CPU times: user 11 s, sys: 1.06 s, total: 12.1 s
Wall time: 16 s


It will take about 3 seconds to load the train and test sets during the training routine, and since training is often the longest step, this delay will be relatively short and it is acceptable.

In [21]:
%%time 
xtrain = pq.read_table(target_path + '/xtrain')
ytrain = pq.read_table(target_path + '/ytrain')
xvalid = pq.read_table(target_path + '/xvalid')
yvalid = pq.read_table(target_path + '/yvalid')

CPU times: user 2.78 s, sys: 4.16 s, total: 6.95 s
Wall time: 2.62 s


Since our test set is small and loads quickly, we can load it again in the ```test_step``` routines of our pipeline.

In [22]:
%%time
xtest = pq.read_table(target_path + '/xtest')
ytest = pq.read_table(target_path + '/ytest')

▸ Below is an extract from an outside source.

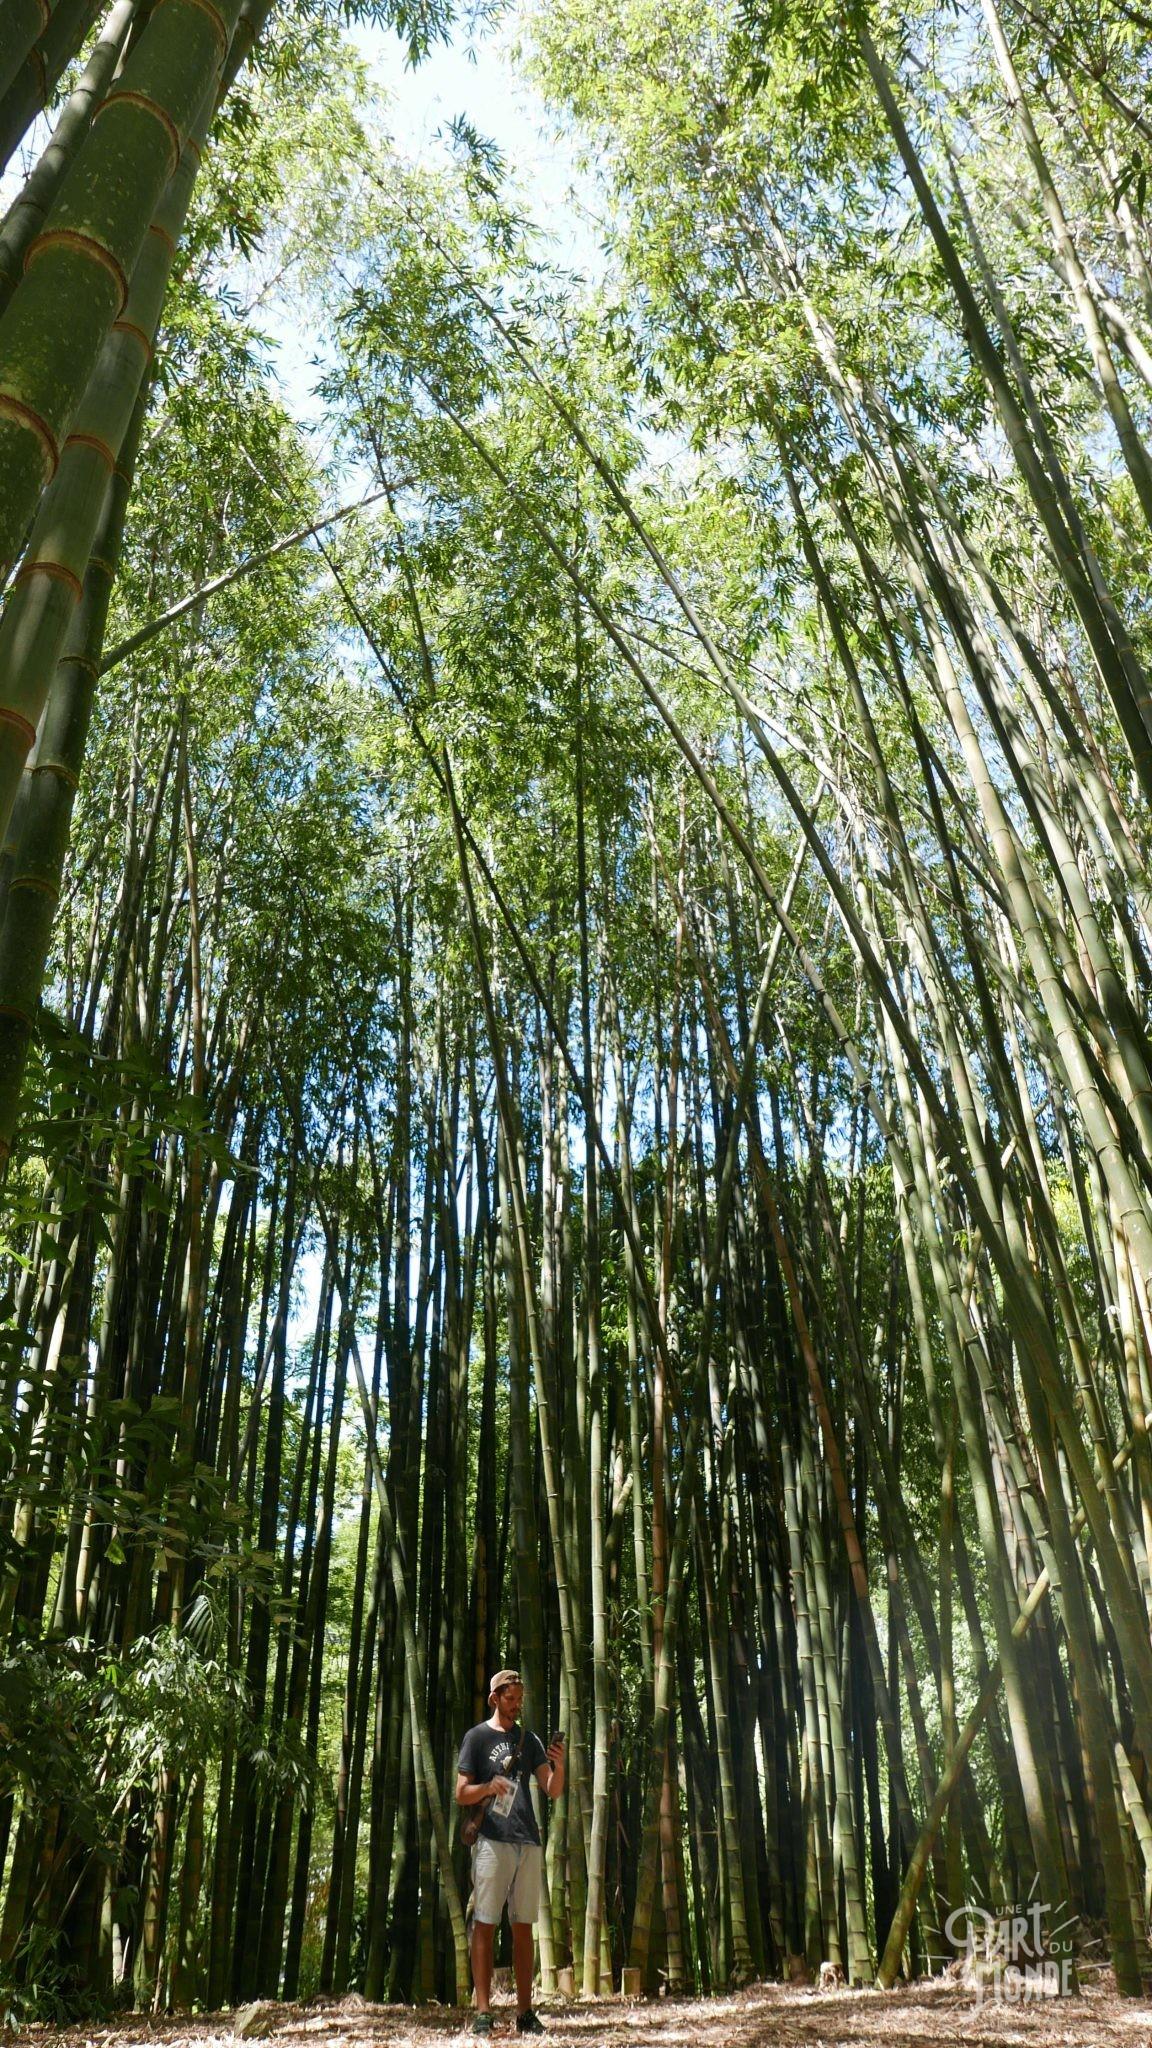 rio de janeiro côté nature jardin botanique bambou

CPU times: user 291 ms, sys: 317 ms, total: 608 ms
Wall time: 348 ms


### Cleanup

We won't be needing some of the files created, since they are recreated every time we run the pipeline.

In [23]:
del_list = ['xtest', 'ytest', 'xvalid', 'yvalid', 'xtrain', 'ytrain']

for file in del_list:
    tgt = os.path.join(target_path, file)
    try:
        os.remove(tgt)
    except Exception as e:
        print(f"error deleting file {tgt} {e}")

### Summary

For this particular project, apart from the initial download and conversion into a pandas DataFrame, the longest reads and writes take 2-10 seconds. We will start the pipeline with original parquet file.